All right: enough theology out of me and back to that most seminal of moments in my young life—in my entire life to date—the very eve of Mother’s death at 48 from cancer, and me wanting to go into her room and hold her and hug her and stand guard against those angels of death who were coming on flapping wings to swoop her off to paradise, and there was Poppa.

That’s right—Poppa.

Not Father.

Not Daddy, or Da, or anything but Poppa.

That’s what he called his father before him, and that’s what he insisted we call him when he was the father before us.

So I called him Poppa, and I said: “Please, Poppa, let me go and say good-bye to Mother before the angels come and carry her off to heaven.”
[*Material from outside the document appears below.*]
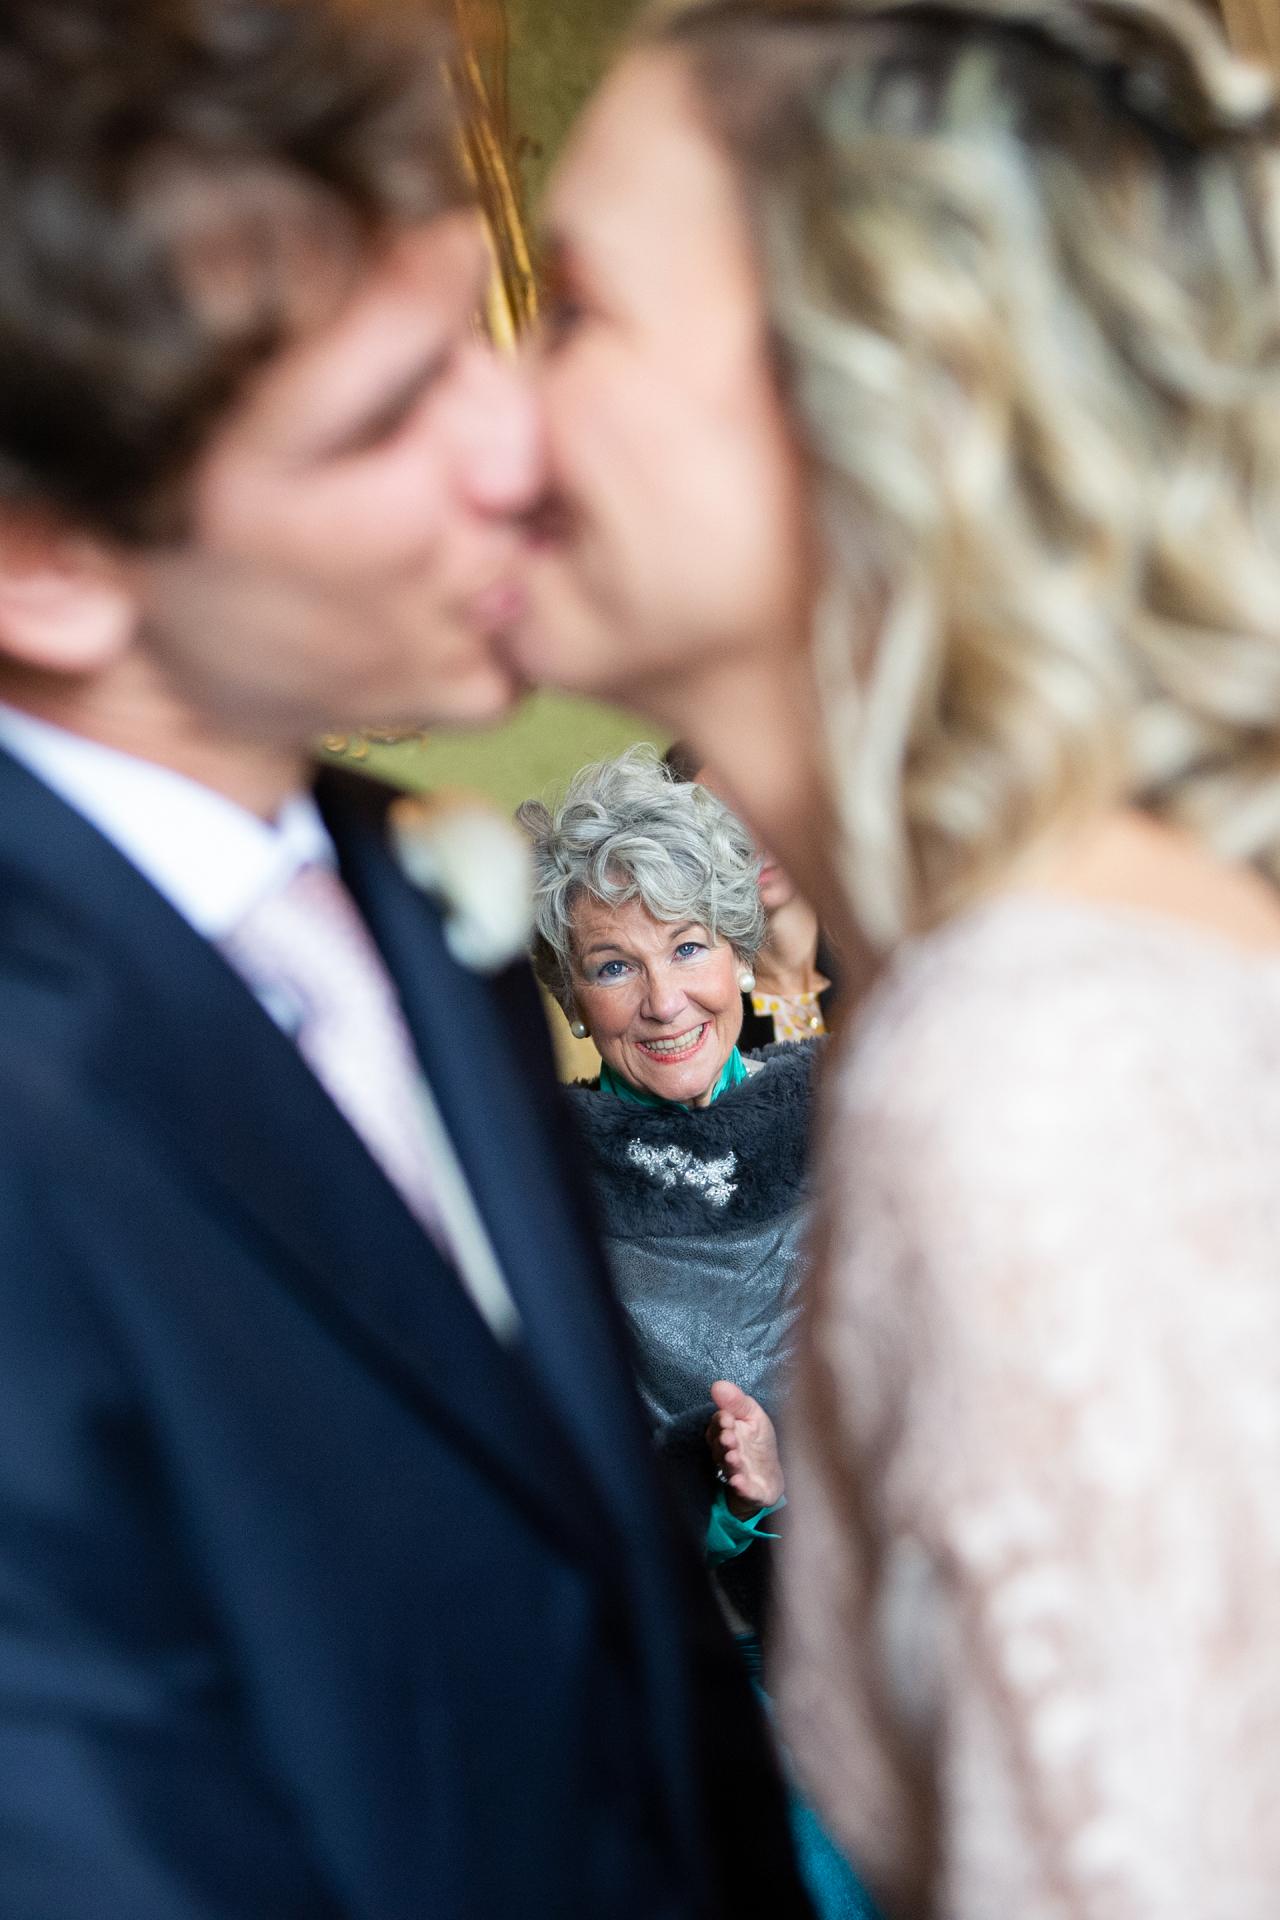 Belle-mère voyant le premier baiser entre la mariée et le marié à l'intérieur d'un cœur hypothétique dans une Italie, Lombardie, Pavie elopement

And he said to me, and it might as well have been five minutes ago that he said these words to me because they are still loud and clear in my mind and these are the words he said to his only begotten son, one Daniel Patrick O’Malley: “It’s grown-up time, boy-o. Go to your room and say your prayers, and I’ll let you know when you can come out.”

And, to be sure I went to my room and said my prayers, he force-marched me to my room, pushed me in and then closed and locked the door behind me.

That’s right, Poppa locked me in my room so I couldn’t possibly escape and run to Mother.

I was a boy.

A boy-o.

And no boy-o of Michael Joseph O’Malley was going to get in the way of death.

No, sir.

 

Uncle Danny sighed and fixed his gaze on a place on the opposite wall where the painter had gotten sloppy. He shook his head and smiled. “I could have done a better painting job, but then I wasn’t here when you were hiring painters. Anyway, I’m dying for a cigarette, and I know it’s a capital offense to—“

“Don’t worry, Uncle Danny,” I said, “we don’t have the death penalty in Michigan. Never have and never will.”

Uncle Danny smiled that big Irish smile of his and quipped: “Well, that’s a relief. I won’t get hanged or shot or drawn and quartered or burned at the stake if I fire up a smoke. Detective, I don’t suppose you got one I could borrow?”

The detective sergeant had had quite enough of one Daniel Patrick O’Malley by that point, so he looked at Claire Stevens and said: “You thinking what I’m thinking?”

Claire Stevens had to come back from some place quite far away, so we waited on her.

Then, when she was ready, she said: “We are prepared to drop all charges, under one condition.”

Just then a harried assistant state’s attorney burst into the room and asked: “What condition? What’s going on here? Sorry I’m late. It’s been one crazy cluster after another, so what’s going on here? What condition are you talking about?”

Claire Stevens eyed the dust storm of an assistant state’s attorney and repeated: “As I said, we are prepared to drop all charges under one condition.”